いちばんやさしい経済状況のつかみ方(2)
景気がいい⇒株高、景気が悪い⇒株安。
商品やサービスがガンガン売れて企業が儲かるようになると、企業に出資した人(企業の株式を買った人)も、企業価値の上昇に伴って株価も高くなるという恩恵を受けることになります。企業の利益が増えて配当が増えることも株価上昇の材料になります。
景気が悪いと、その逆回転の力学が働きますね。
企業の儲けが減ると、株主に配当されるお金は少なくなります。場合によっては、利益がなくて配当そのものがなくなる、いわゆる「無配」になる可能性すらあります。結果は株安。
低金利⇒株高、高金利⇒株安。
ここ数年、株や投資信託の売買をする人が増えた理由を考えてみましょう。取引を新たに開始した人の口からは、「銀行や郵便局の低金利ではやってられない。ぜんぜんお金が殖えない」というコメントが寄せられるはずです。

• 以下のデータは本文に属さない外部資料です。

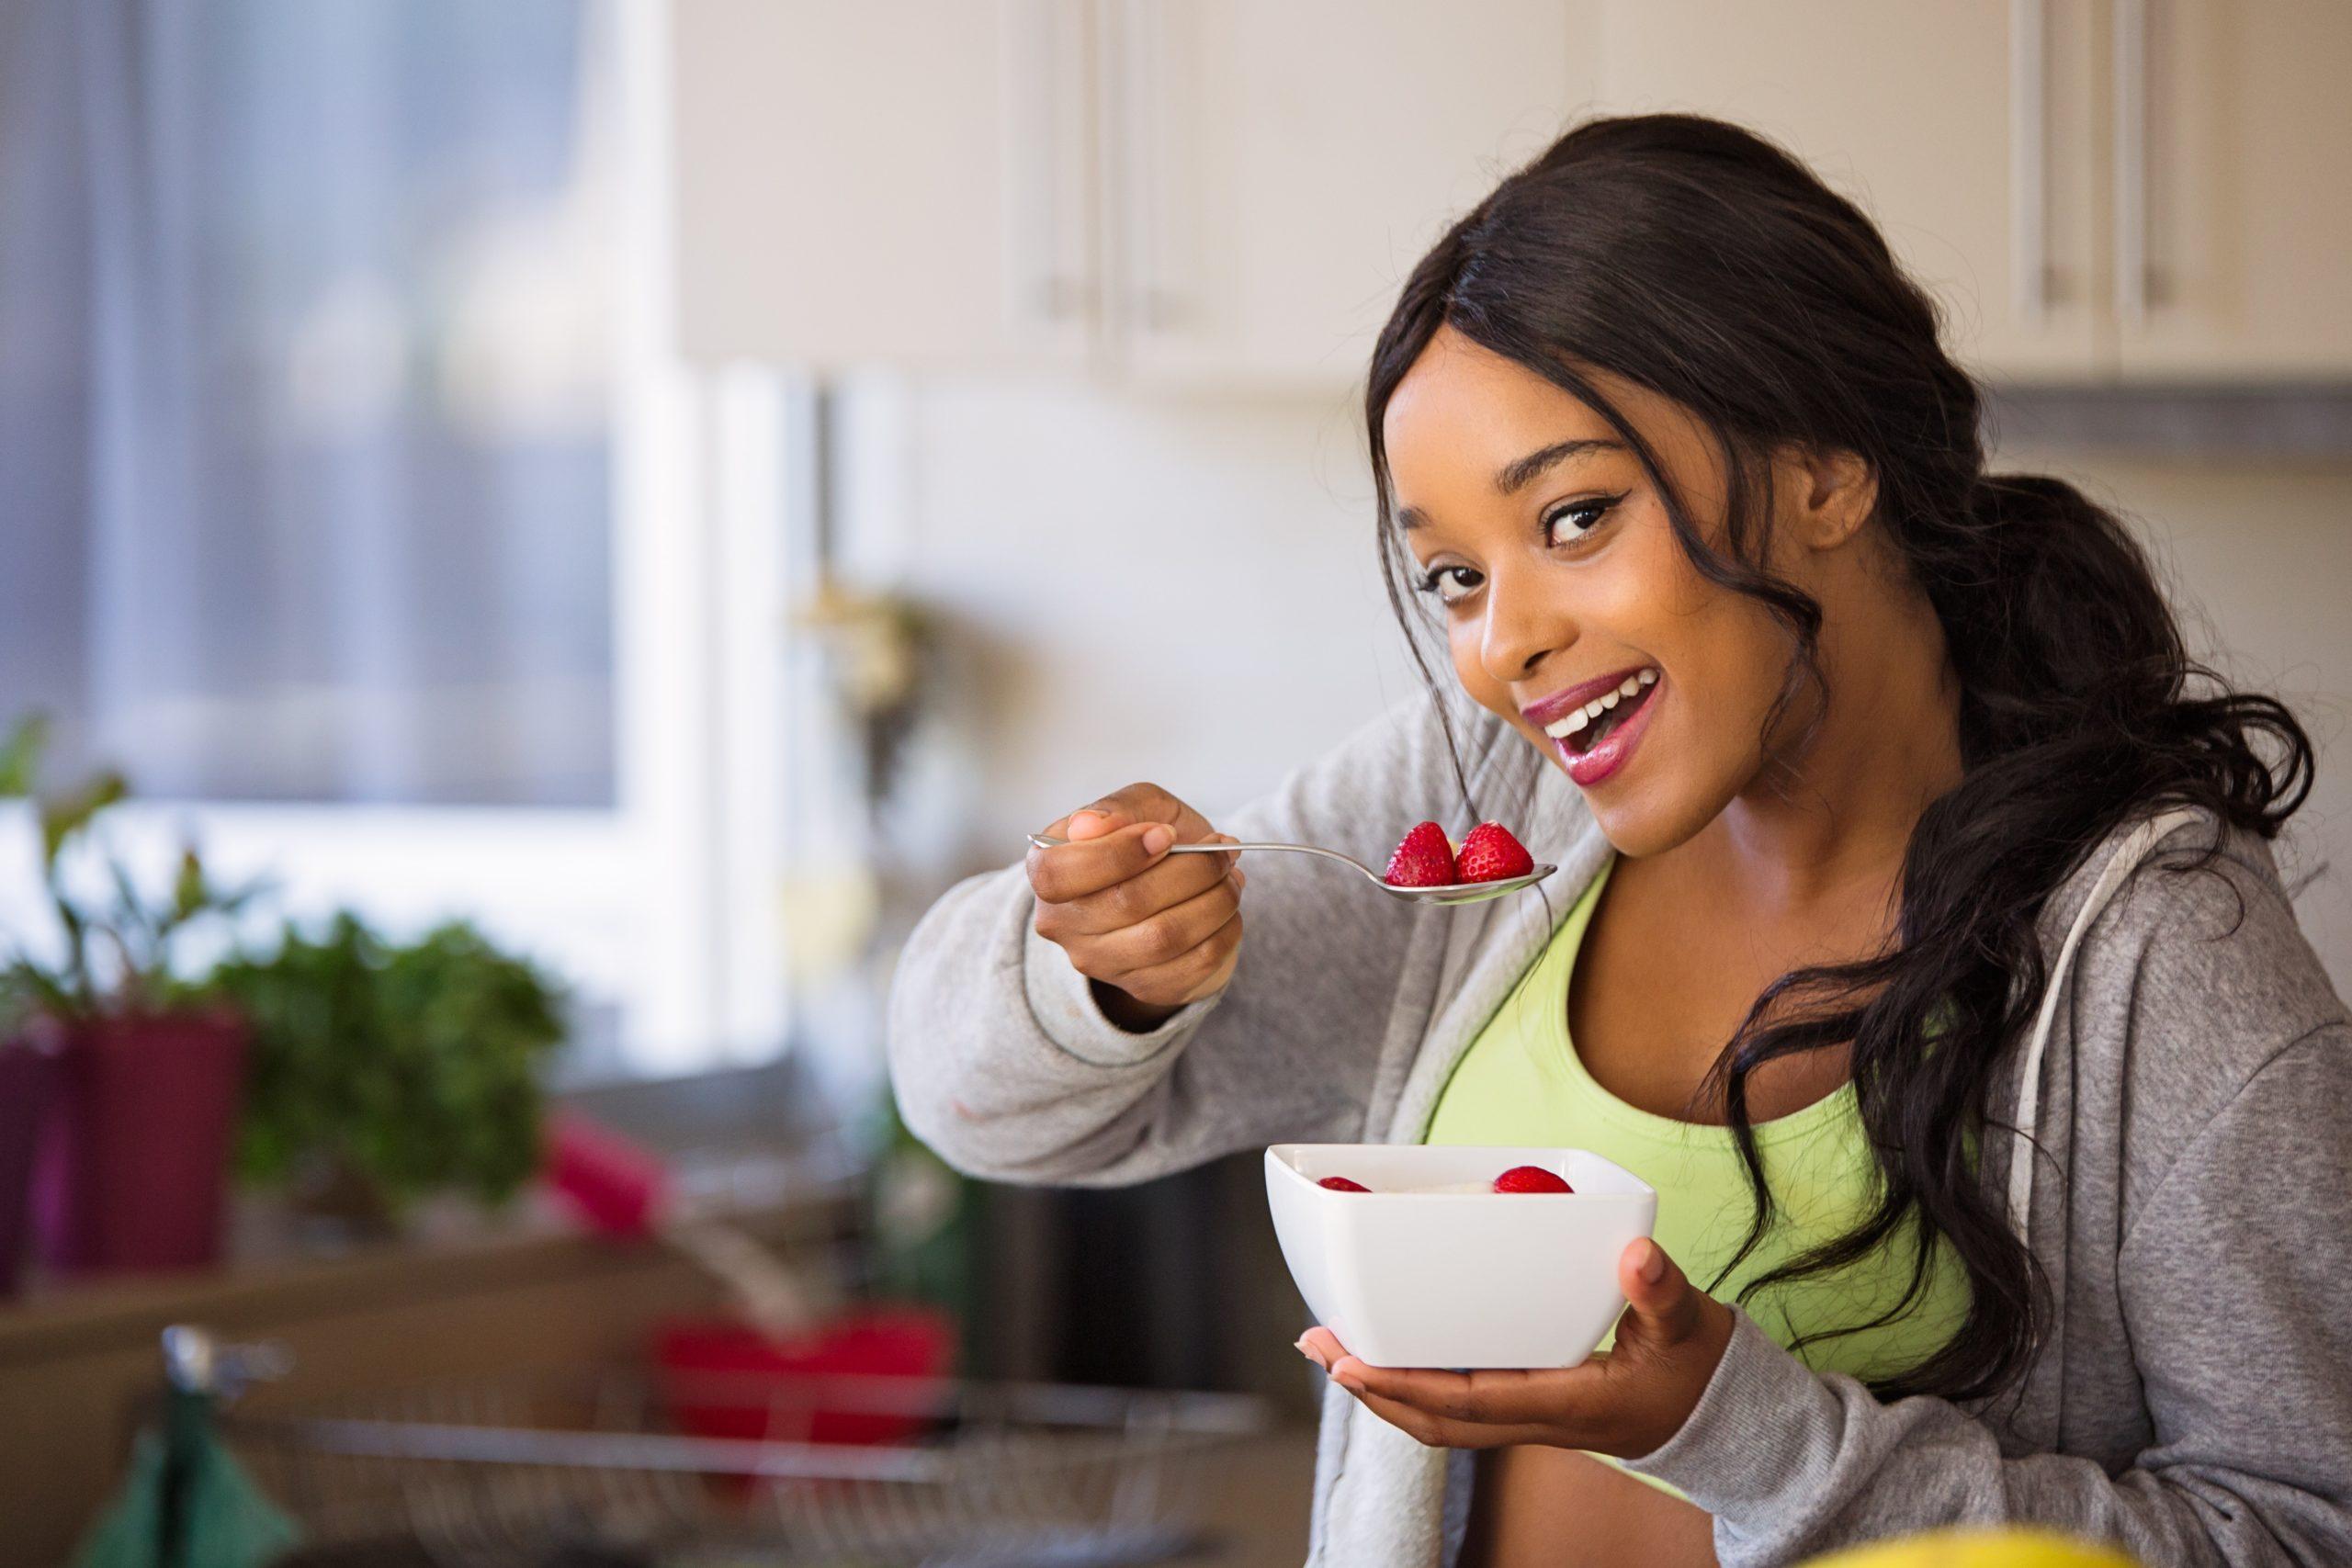 Débarrasse-toi facilement de l'excédent de sucre et de calories

お金はあるけど、それが元本保証の預貯金だとなかなか殖えてくれない。思い切って、リスクのある投資商品、株や投資信託を買ってみようという気になっているんですね。
逆に金利が高いと、わざわざ損する可能性のあるリスク商品に手を出さなくてもいいのです。金利が高くなると株などを買っていたお金が預貯金に流れます。株価も市場の需要と供給の関係で決まりますから、需要がなくなれば(株をお金を出して買いたいという人が少なくなれば)、株価は低くなります。
ただし、株価というのは、将来を先回りして動くことが多分にあります。実体が伴っていなくても、「今後そうなるかも」という観測が市場に流れるだけで値動きが活発になるのです。
株式の世界ではよく「織り込み済み」などという表現が使われます。将来起こるかもしれないことが、まだ起こってもいないのに株価に反映されるという意味です。
株価は、実体経済の半年から1年ほど先を行っているとも言われます。
さきに、金利が上がると株価が下がるといいましたが、金利の上昇トレンドはさらなる好景気の証なので、実際には株価は上昇します。
ライブドアショックの時に「風説の流布」という言葉が話題になりましたが、実際には行われていない根も葉もないことでも、情報が流れるだけで敏感に反応してしまうのが株価なのです。